[Stored entries]
------------------------------------

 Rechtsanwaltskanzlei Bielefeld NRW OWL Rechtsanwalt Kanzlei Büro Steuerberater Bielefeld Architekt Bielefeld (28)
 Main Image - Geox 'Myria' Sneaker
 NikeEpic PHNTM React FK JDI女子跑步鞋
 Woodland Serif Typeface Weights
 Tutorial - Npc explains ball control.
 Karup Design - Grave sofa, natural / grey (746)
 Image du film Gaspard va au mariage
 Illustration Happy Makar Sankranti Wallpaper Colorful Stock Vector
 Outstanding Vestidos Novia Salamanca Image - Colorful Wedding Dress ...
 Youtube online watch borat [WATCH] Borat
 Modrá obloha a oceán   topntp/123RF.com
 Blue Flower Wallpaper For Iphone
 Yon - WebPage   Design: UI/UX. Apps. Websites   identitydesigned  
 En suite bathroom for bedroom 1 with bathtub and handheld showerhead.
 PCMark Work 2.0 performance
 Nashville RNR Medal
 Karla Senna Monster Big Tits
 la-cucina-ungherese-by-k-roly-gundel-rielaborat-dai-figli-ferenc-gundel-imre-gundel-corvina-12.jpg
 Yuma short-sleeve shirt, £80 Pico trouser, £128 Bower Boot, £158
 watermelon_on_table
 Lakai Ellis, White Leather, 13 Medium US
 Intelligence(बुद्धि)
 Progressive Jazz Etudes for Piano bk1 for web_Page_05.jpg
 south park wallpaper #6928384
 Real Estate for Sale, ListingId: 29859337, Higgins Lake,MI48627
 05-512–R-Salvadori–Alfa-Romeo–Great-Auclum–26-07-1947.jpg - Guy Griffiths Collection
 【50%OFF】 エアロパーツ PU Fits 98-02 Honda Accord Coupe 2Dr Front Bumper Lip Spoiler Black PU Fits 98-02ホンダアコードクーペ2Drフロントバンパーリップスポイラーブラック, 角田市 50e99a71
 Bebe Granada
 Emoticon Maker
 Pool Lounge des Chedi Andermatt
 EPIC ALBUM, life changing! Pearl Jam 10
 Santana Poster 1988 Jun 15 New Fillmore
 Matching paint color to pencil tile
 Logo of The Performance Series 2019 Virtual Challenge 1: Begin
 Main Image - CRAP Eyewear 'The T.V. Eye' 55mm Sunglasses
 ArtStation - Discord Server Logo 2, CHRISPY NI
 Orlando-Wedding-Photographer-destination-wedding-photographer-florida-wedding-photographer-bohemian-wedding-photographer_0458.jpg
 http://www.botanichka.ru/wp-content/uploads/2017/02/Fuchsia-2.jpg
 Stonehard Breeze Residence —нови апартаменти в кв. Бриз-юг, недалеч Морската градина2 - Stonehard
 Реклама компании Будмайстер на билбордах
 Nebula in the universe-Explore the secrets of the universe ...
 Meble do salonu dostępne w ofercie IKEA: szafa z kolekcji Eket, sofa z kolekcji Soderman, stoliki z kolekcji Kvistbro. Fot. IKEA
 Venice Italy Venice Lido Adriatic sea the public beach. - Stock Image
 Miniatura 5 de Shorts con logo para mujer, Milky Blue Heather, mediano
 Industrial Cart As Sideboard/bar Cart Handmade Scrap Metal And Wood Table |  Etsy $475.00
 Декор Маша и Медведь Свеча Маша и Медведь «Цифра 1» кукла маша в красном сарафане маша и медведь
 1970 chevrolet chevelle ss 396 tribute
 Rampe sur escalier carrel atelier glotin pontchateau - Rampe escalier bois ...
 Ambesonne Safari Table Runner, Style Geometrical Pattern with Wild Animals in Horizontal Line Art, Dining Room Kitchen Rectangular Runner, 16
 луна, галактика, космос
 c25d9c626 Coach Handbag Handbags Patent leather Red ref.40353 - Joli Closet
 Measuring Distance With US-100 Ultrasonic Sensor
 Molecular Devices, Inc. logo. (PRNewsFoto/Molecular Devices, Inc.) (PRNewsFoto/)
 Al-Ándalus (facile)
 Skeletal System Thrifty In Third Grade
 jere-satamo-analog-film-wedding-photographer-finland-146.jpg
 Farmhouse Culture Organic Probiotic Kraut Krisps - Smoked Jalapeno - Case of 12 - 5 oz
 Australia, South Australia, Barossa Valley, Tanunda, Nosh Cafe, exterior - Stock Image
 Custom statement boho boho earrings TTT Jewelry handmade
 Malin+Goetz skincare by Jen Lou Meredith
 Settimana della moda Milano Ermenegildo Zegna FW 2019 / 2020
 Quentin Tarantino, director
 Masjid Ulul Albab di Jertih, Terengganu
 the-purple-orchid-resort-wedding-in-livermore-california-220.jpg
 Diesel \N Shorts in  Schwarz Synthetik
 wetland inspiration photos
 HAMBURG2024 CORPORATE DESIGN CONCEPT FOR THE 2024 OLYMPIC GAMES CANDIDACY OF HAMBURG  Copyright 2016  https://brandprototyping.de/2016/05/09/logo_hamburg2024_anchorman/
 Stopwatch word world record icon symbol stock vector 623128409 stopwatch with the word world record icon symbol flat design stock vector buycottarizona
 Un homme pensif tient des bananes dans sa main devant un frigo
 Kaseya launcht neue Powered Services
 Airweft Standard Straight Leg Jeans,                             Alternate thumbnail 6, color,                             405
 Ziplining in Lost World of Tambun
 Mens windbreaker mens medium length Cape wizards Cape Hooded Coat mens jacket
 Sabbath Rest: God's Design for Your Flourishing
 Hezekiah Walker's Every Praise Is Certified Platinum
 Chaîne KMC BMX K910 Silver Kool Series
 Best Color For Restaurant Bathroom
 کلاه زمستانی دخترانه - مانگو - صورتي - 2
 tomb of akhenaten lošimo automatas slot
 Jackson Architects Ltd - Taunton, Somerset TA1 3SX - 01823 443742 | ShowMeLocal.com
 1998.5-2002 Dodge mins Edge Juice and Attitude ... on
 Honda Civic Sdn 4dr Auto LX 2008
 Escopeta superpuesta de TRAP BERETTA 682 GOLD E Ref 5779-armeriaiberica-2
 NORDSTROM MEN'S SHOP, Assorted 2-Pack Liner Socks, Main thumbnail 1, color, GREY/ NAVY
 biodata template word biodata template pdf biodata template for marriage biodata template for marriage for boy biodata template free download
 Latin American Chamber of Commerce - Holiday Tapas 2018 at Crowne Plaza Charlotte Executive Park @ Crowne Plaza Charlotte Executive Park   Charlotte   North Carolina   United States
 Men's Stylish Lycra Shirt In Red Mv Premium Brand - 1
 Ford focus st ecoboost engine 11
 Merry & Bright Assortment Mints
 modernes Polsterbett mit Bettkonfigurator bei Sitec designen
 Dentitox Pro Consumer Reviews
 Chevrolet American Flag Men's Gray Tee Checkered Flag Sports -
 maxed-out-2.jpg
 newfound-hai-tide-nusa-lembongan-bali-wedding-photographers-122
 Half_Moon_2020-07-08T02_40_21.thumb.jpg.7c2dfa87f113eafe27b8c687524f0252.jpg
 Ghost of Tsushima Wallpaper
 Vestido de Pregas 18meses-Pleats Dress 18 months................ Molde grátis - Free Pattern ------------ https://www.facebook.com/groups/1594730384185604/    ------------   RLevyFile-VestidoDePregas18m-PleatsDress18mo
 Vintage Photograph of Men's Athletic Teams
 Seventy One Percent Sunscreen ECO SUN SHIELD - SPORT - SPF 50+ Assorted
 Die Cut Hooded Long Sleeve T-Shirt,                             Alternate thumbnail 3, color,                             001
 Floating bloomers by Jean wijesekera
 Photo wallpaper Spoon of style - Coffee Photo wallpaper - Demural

------------------------------------

Output every entry exactly as given.

 Rechtsanwaltskanzlei Bielefeld NRW OWL Rechtsanwalt Kanzlei Büro Steuerberater Bielefeld Architekt Bielefeld (28)
 Main Image - Geox 'Myria' Sneaker
 NikeEpic PHNTM React FK JDI女子跑步鞋
 Woodland Serif Typeface Weights
 Tutorial - Npc explains ball control.
 Karup Design - Grave sofa, natural / grey (746)
 Image du film Gaspard va au mariage
 Illustration Happy Makar Sankranti Wallpaper Colorful Stock Vector
 Outstanding Vestidos Novia Salamanca Image - Colorful Wedding Dress ...
 Youtube online watch borat [WATCH] Borat
 Modrá obloha a oceán   topntp/123RF.com
 Blue Flower Wallpaper For Iphone
 Yon - WebPage   Design: UI/UX. Apps. Websites   identitydesigned  
 En suite bathroom for bedroom 1 with bathtub and handheld showerhead.
 PCMark Work 2.0 performance
 Nashville RNR Medal
 Karla Senna Monster Big Tits
 la-cucina-ungherese-by-k-roly-gundel-rielaborat-dai-figli-ferenc-gundel-imre-gundel-corvina-12.jpg
 Yuma short-sleeve shirt, £80 Pico trouser, £128 Bower Boot, £158
 watermelon_on_table
 Lakai Ellis, White Leather, 13 Medium US
 Intelligence(बुद्धि)
 Progressive Jazz Etudes for Piano bk1 for web_Page_05.jpg
 south park wallpaper #6928384
 Real Estate for Sale, ListingId: 29859337, Higgins Lake,MI48627
 05-512–R-Salvadori–Alfa-Romeo–Great-Auclum–26-07-1947.jpg - Guy Griffiths Collection
 【50%OFF】 エアロパーツ PU Fits 98-02 Honda Accord Coupe 2Dr Front Bumper Lip Spoiler Black PU Fits 98-02ホンダアコードクーペ2Drフロントバンパーリップスポイラーブラック, 角田市 50e99a71
 Bebe Granada
 Emoticon Maker
 Pool Lounge des Chedi Andermatt
 EPIC ALBUM, life changing! Pearl Jam 10
 Santana Poster 1988 Jun 15 New Fillmore
 Matching paint color to pencil tile
 Logo of The Performance Series 2019 Virtual Challenge 1: Begin
 Main Image - CRAP Eyewear 'The T.V. Eye' 55mm Sunglasses
 ArtStation - Discord Server Logo 2, CHRISPY NI
 Orlando-Wedding-Photographer-destination-wedding-photographer-florida-wedding-photographer-bohemian-wedding-photographer_0458.jpg
 http://www.botanichka.ru/wp-content/uploads/2017/02/Fuchsia-2.jpg
 Stonehard Breeze Residence —нови апартаменти в кв. Бриз-юг, недалеч Морската градина2 - Stonehard
 Реклама компании Будмайстер на билбордах
 Nebula in the universe-Explore the secrets of the universe ...
 Meble do salonu dostępne w ofercie IKEA: szafa z kolekcji Eket, sofa z kolekcji Soderman, stoliki z kolekcji Kvistbro. Fot. IKEA
 Venice Italy Venice Lido Adriatic sea the public beach. - Stock Image
 Miniatura 5 de Shorts con logo para mujer, Milky Blue Heather, mediano
 Industrial Cart As Sideboard/bar Cart Handmade Scrap Metal And Wood Table |  Etsy $475.00
 Декор Маша и Медведь Свеча Маша и Медведь «Цифра 1» кукла маша в красном сарафане маша и медведь
 1970 chevrolet chevelle ss 396 tribute
 Rampe sur escalier carrel atelier glotin pontchateau - Rampe escalier bois ...
 Ambesonne Safari Table Runner, Style Geometrical Pattern with Wild Animals in Horizontal Line Art, Dining Room Kitchen Rectangular Runner, 16
 луна, галактика, космос
 c25d9c626 Coach Handbag Handbags Patent leather Red ref.40353 - Joli Closet
 Measuring Distance With US-100 Ultrasonic Sensor
 Molecular Devices, Inc. logo. (PRNewsFoto/Molecular Devices, Inc.) (PRNewsFoto/)
 Al-Ándalus (facile)
 Skeletal System Thrifty In Third Grade
 jere-satamo-analog-film-wedding-photographer-finland-146.jpg
 Farmhouse Culture Organic Probiotic Kraut Krisps - Smoked Jalapeno - Case of 12 - 5 oz
 Australia, South Australia, Barossa Valley, Tanunda, Nosh Cafe, exterior - Stock Image
 Custom statement boho boho earrings TTT Jewelry handmade
 Malin+Goetz skincare by Jen Lou Meredith
 Settimana della moda Milano Ermenegildo Zegna FW 2019 / 2020
 Quentin Tarantino, director
 Masjid Ulul Albab di Jertih, Terengganu
 the-purple-orchid-resort-wedding-in-livermore-california-220.jpg
 Diesel \N Shorts in  Schwarz Synthetik
 wetland inspiration photos
 HAMBURG2024 CORPORATE DESIGN CONCEPT FOR THE 2024 OLYMPIC GAMES CANDIDACY OF HAMBURG  Copyright 2016  https://brandprototyping.de/2016/05/09/logo_hamburg2024_anchorman/
 Stopwatch word world record icon symbol stock vector 623128409 stopwatch with the word world record icon symbol flat design stock vector buycottarizona
 Un homme pensif tient des bananes dans sa main devant un frigo
 Kaseya launcht neue Powered Services
 Airweft Standard Straight Leg Jeans,                             Alternate thumbnail 6, color,                             405
 Ziplining in Lost World of Tambun
 Mens windbreaker mens medium length Cape wizards Cape Hooded Coat mens jacket
 Sabbath Rest: God's Design for Your Flourishing
 Hezekiah Walker's Every Praise Is Certified Platinum
 Chaîne KMC BMX K910 Silver Kool Series
 Best Color For Restaurant Bathroom
 کلاه زمستانی دخترانه - مانگو - صورتي - 2
 tomb of akhenaten lošimo automatas slot
 Jackson Architects Ltd - Taunton, Somerset TA1 3SX - 01823 443742 | ShowMeLocal.com
 1998.5-2002 Dodge mins Edge Juice and Attitude ... on
 Honda Civic Sdn 4dr Auto LX 2008
 Escopeta superpuesta de TRAP BERETTA 682 GOLD E Ref 5779-armeriaiberica-2
 NORDSTROM MEN'S SHOP, Assorted 2-Pack Liner Socks, Main thumbnail 1, color, GREY/ NAVY
 biodata template word biodata template pdf biodata template for marriage biodata template for marriage for boy biodata template free download
 Latin American Chamber of Commerce - Holiday Tapas 2018 at Crowne Plaza Charlotte Executive Park @ Crowne Plaza Charlotte Executive Park   Charlotte   North Carolina   United States
 Men's Stylish Lycra Shirt In Red Mv Premium Brand - 1
 Ford focus st ecoboost engine 11
 Merry & Bright Assortment Mints
 modernes Polsterbett mit Bettkonfigurator bei Sitec designen
 Dentitox Pro Consumer Reviews
 Chevrolet American Flag Men's Gray Tee Checkered Flag Sports -
 maxed-out-2.jpg
 newfound-hai-tide-nusa-lembongan-bali-wedding-photographers-122
 Half_Moon_2020-07-08T02_40_21.thumb.jpg.7c2dfa87f113eafe27b8c687524f0252.jpg
 Ghost of Tsushima Wallpaper
 Vestido de Pregas 18meses-Pleats Dress 18 months................ Molde grátis - Free Pattern ------------ https://www.facebook.com/groups/1594730384185604/    ------------   RLevyFile-VestidoDePregas18m-PleatsDress18mo
 Vintage Photograph of Men's Athletic Teams
 Seventy One Percent Sunscreen ECO SUN SHIELD - SPORT - SPF 50+ Assorted
 Die Cut Hooded Long Sleeve T-Shirt,                             Alternate thumbnail 3, color,                             001
 Floating bloomers by Jean wijesekera
 Photo wallpaper Spoon of style - Coffee Photo wallpaper - Demural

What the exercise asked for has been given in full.